(Beginning of GIVEN MATERIAL)
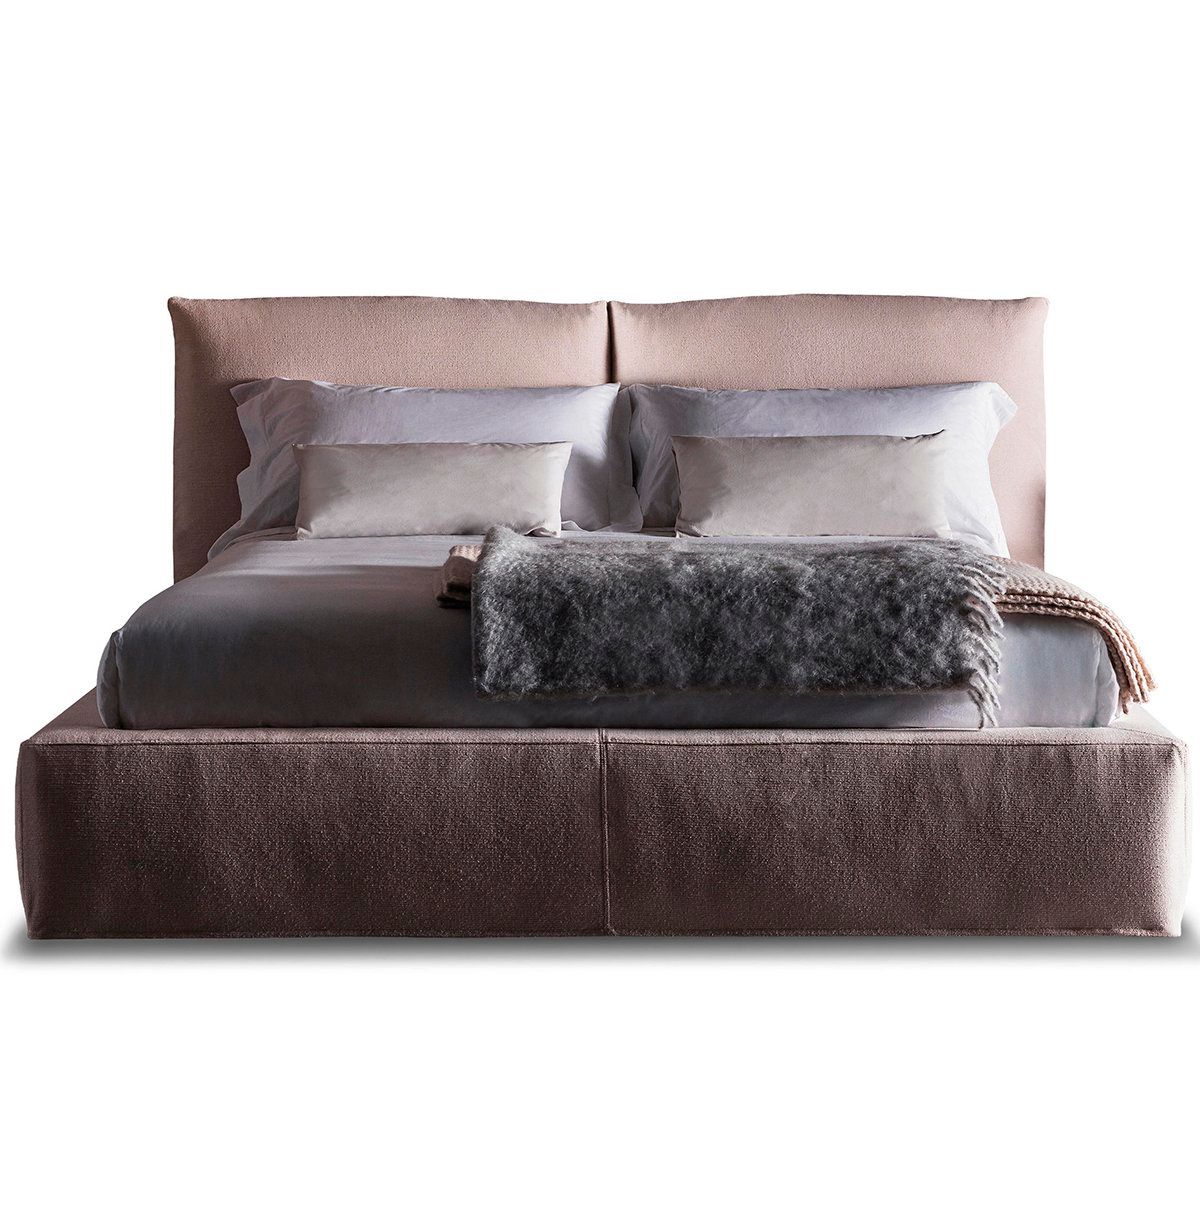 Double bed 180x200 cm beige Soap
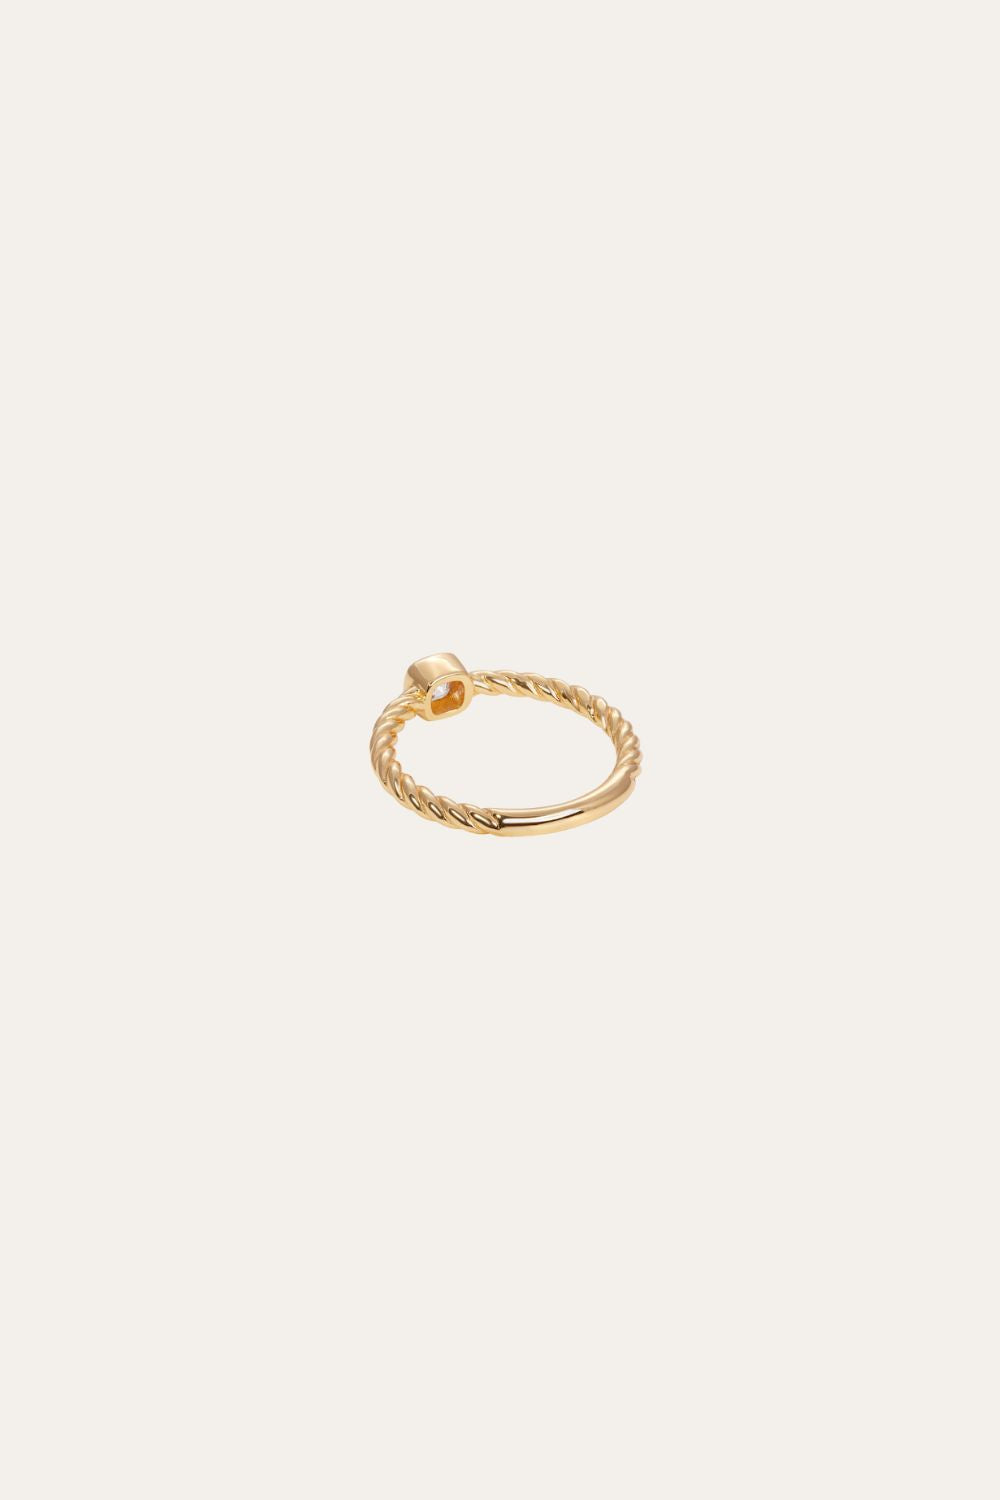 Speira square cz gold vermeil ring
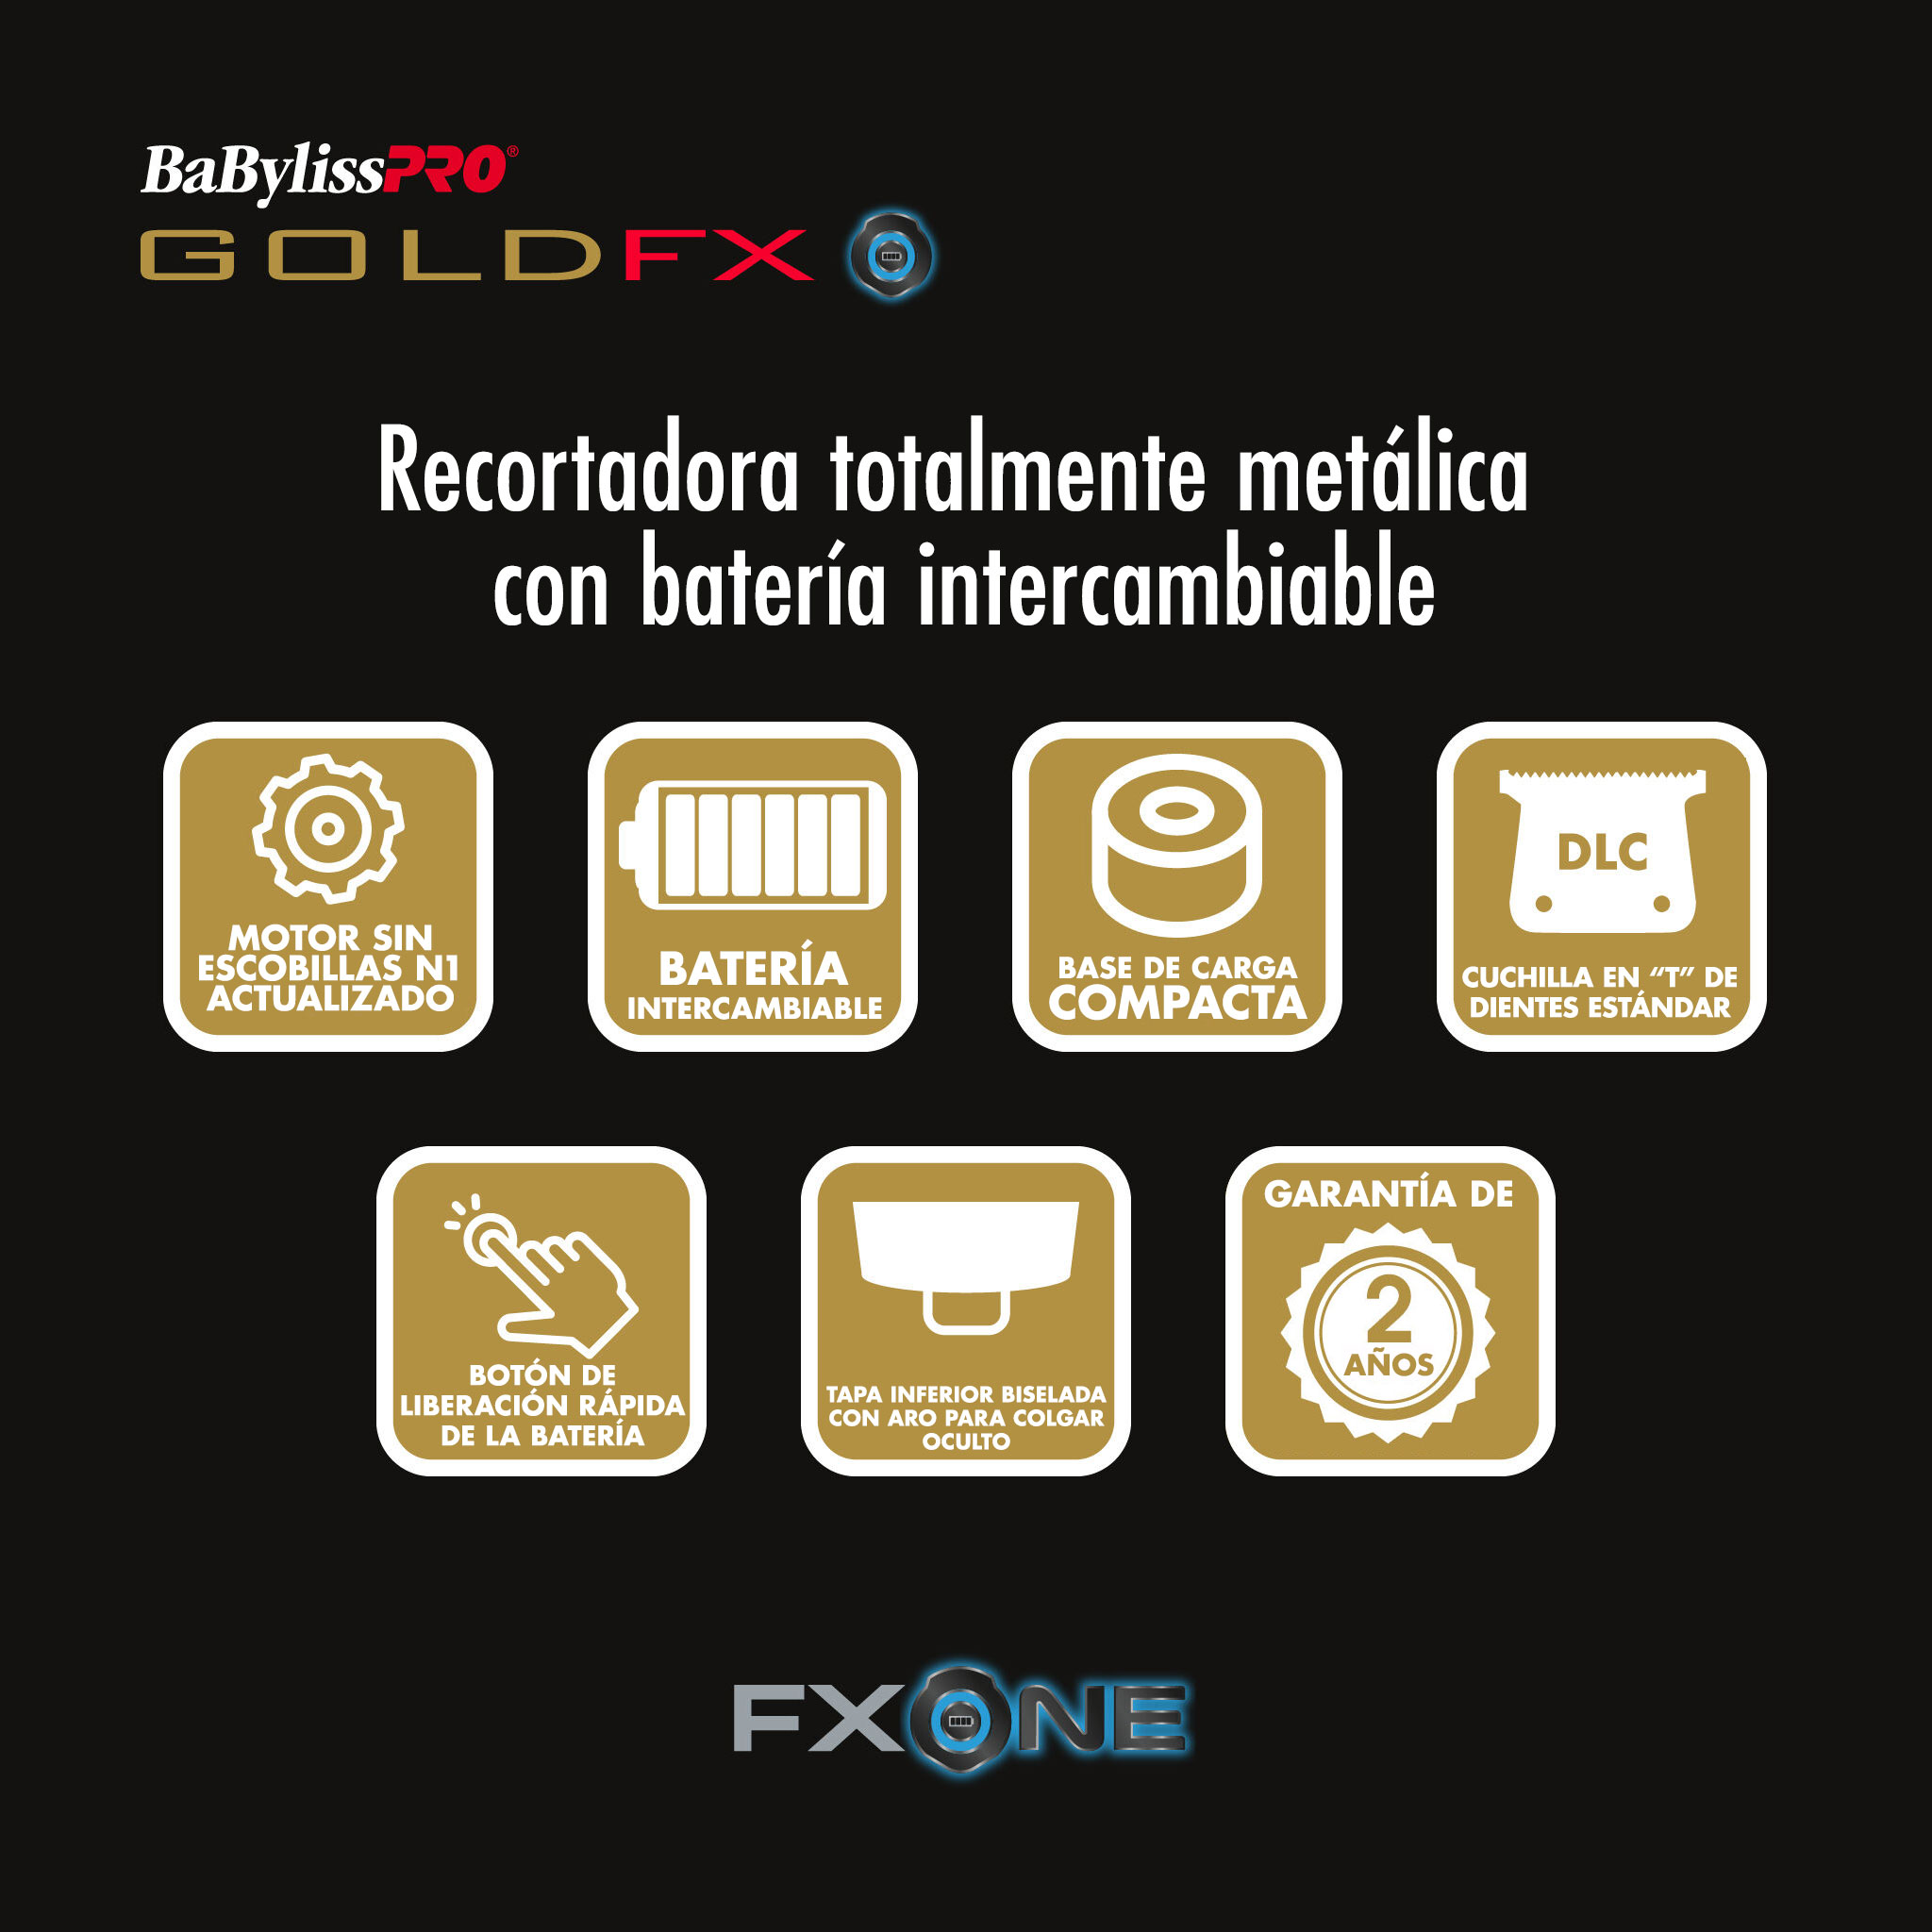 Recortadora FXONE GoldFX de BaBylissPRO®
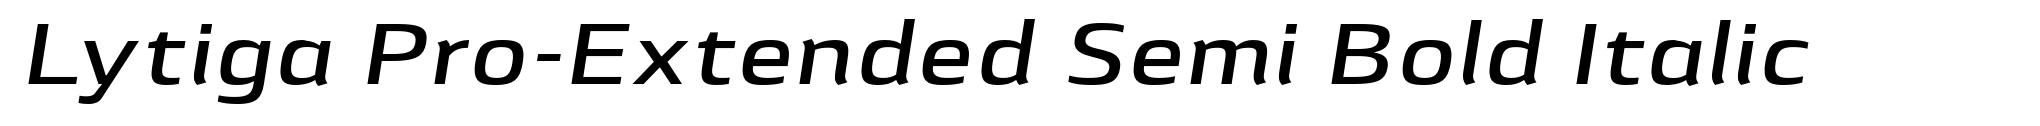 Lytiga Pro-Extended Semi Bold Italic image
(End of GIVEN MATERIAL)
TASK DETAILS:
Skip the pictures; extract only the lines from the line with "Recortadora FXONE GoldFX de BaBylissPRO®" through the final line of the material, exactly as they appear.

ANSWER TO THIS PROBLEM:
 Recortadora FXONE GoldFX de BaBylissPRO®
 Lytiga Pro-Extended Semi Bold Italic image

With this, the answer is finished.